Don't choose invert additions to achieve a particular colour, that should be achieved with kilned grains or Brewer's Caramel.
I was referring more to the opaqueness of Ragus inverts vs the typical translucent homemade inverts.
 
Well, Ragus Block Invert is crystalised and solid, so light won't pass through it.

The Ragus website has pictures showing crystal clear invert syrup, but not of Brewers Invert. However, I'm convinced that Ragus Invert #1 will be equally clear before the seeding with 10% glucose. Then, still warm and liquid, the syrup is poured into a blue plastic bag inside a cardboard box, where it slowly crystalises and solidifies, and becomes opaque.

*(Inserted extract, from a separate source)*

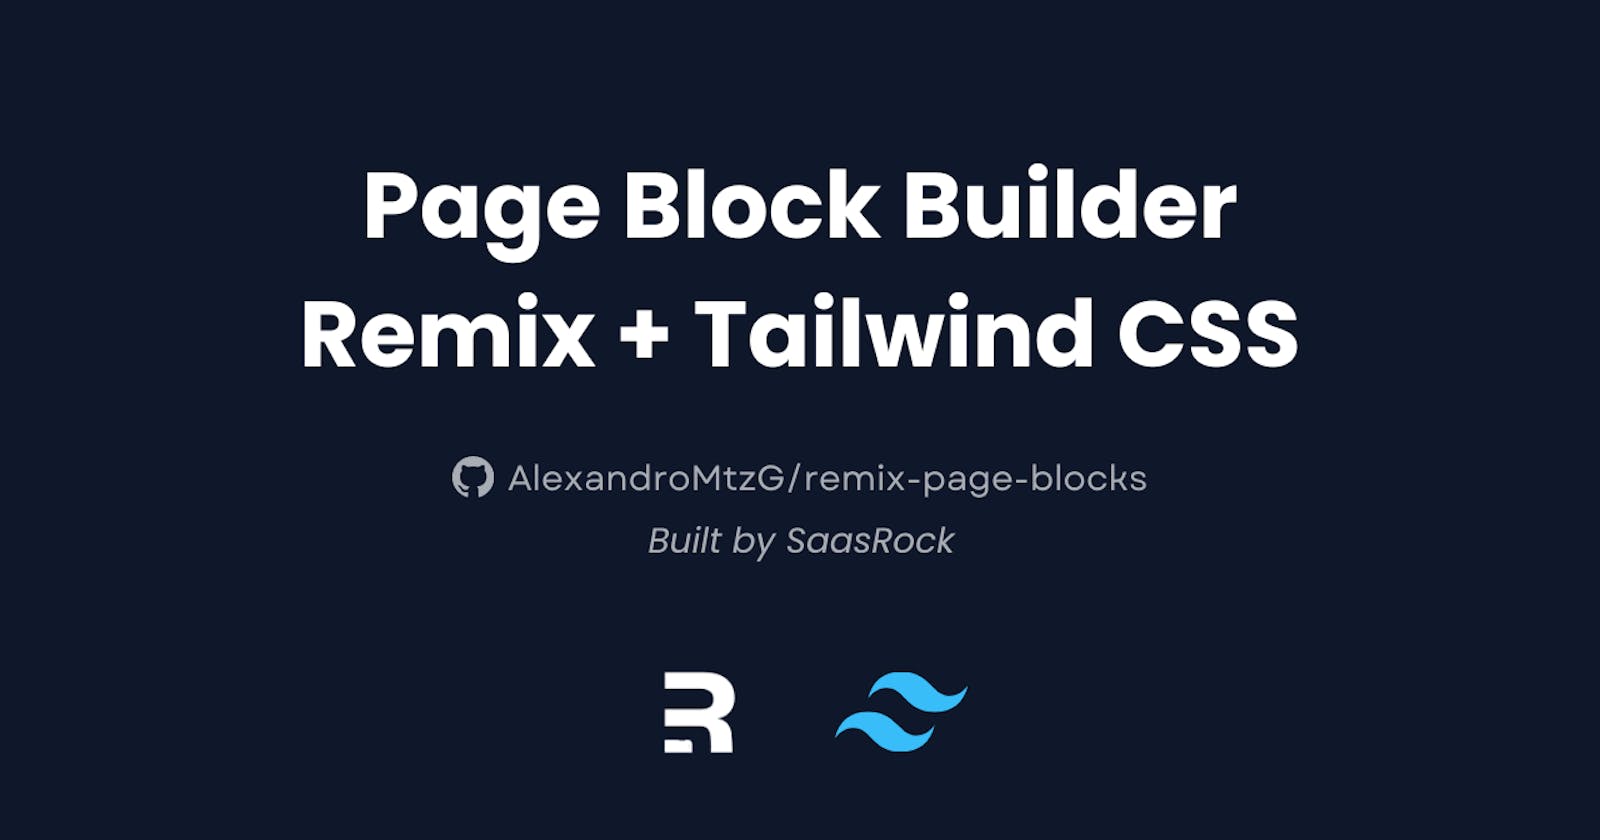 Open-source Page Block Builder with Remix and Tailwind CSS

I can't be certain about how transparent, or not, Ragus #2 and #3 might be when they are liquid and before they are seeded. All my attempts are translucent, as are the ingredients when in solution, but were those to be seeded with sufficient glucose for those to solidify, I suspect they would become opaque and not remain translucent.
 
So I tasted my #2 this morning, and surprisingly, it didn't taste anything like lactic acid.
It tasted sweet and a little rummy/fruity, but apart from that I got nothing of that cheesy taste you can get in your mouth when really exhausted, wich I imagine lactic acid taste like. This despite using 10(!) Ml in that batch.
My SWMBO could not pick up any either, but to be safe I Will next time use only 0.5ml in the starting acidification and then 1tsp of citric once the sugar solution reaches 70c...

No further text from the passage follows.